Purpose: Dysfunction of the genioglossus muscle is important in the pathogenesis of obstructive sleep apnea due to chronic intermittent hypoxia (CIH). Mitochondrial impairment resulting from hypoxia is mitigated by mitophagy to avoid cell apoptosis in cardiomyocytes. This project was designed to explore the effects of CIH on mitophagy in the genioglossus muscle and the impact of adiponectin (Ad).
Methods: One hundred eighty male SD rats were randomly divided into 3 groups (normal control [NC], CIH, and CIH + Ad groups), with 60 rats in each group observed for 5 weeks. Comparisons of serum Ad levels, mitochondrial structure and function, mitophagy, and cell apoptosis in the genioglossus were made at different time points.

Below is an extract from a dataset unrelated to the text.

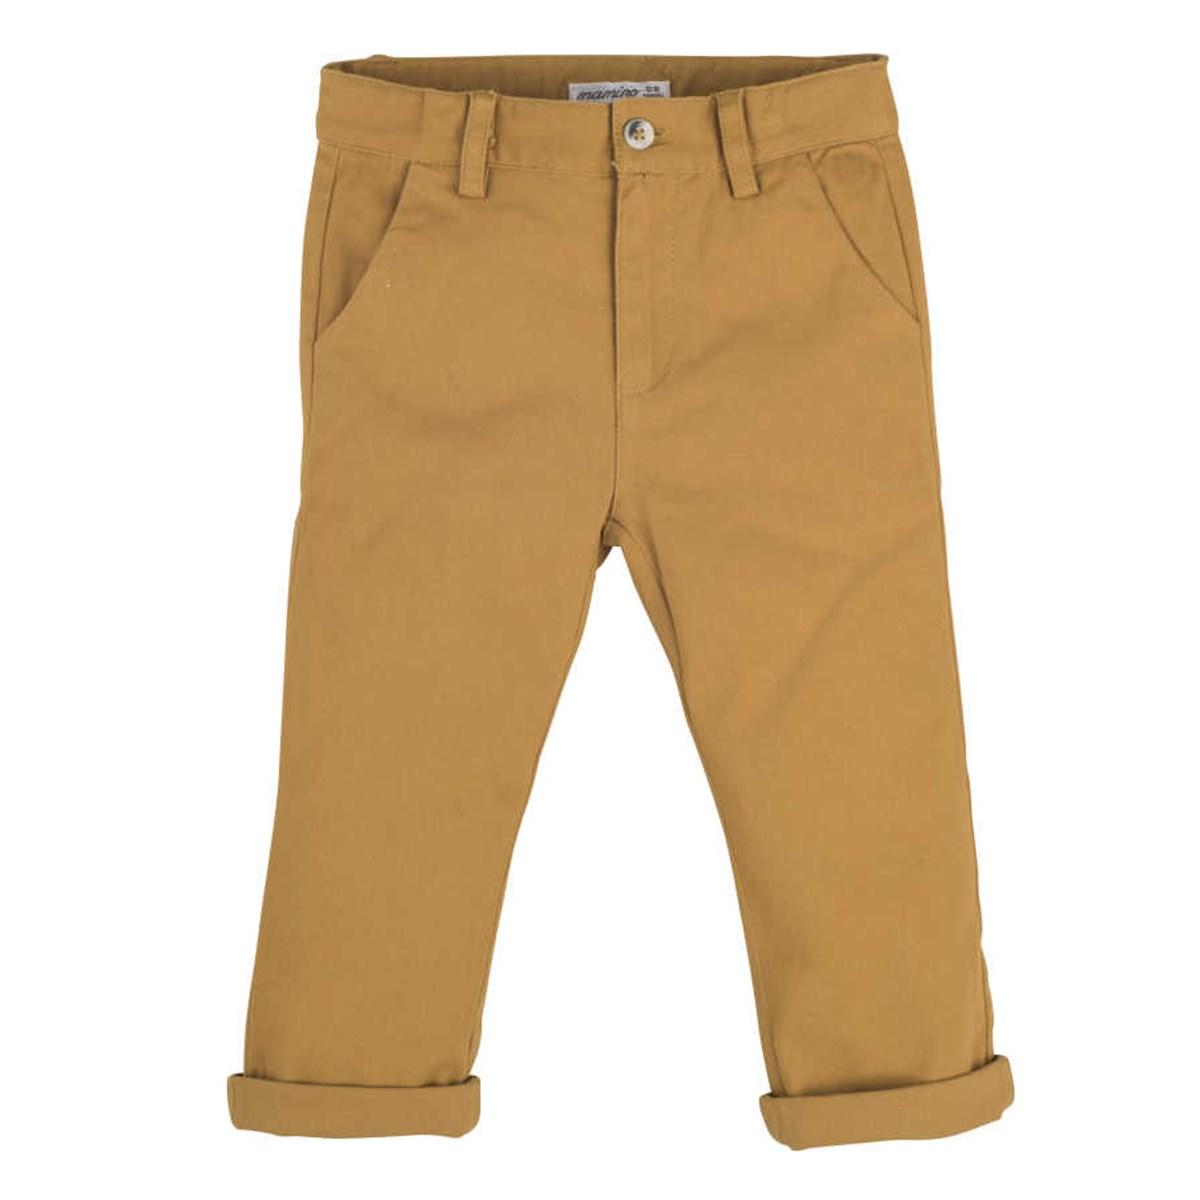 10825 Pantolon 1

Results: (1) The CIH group was significantly different from the NC group as follows: During the first 3 weeks, serum Ad levels, the reactive oxygen species (ROS), relative proteins and mRNA of mitophagy, autophagy biomarker LC3-II, and autophagosomes increased, while during the last 2 weeks, most parameters decreased. (2) There was no difference among the 3 groups in mitochondrial structure and function-associated mRNA during the first 3 weeks, while damaged mitochondrial structures were growing during the last 2 weeks. Exacerbation of apoptosis was also detected in the last 2 weeks. (3) All of the damage was partially alleviated in the CIH + Ad group in contrast to CIH group at the end of this study.
Conclusion: Disturbances of genioglossal mitophagy could be related to damaged mitochondrial structure and function induced by CIH, which could be alleviated by supplementation of exogenous Ad via increasing mitophagy.
Keywords: Adiponectin; Apoptosis; Chronic intermittent hypoxia; Genioglossus; Mitophagy.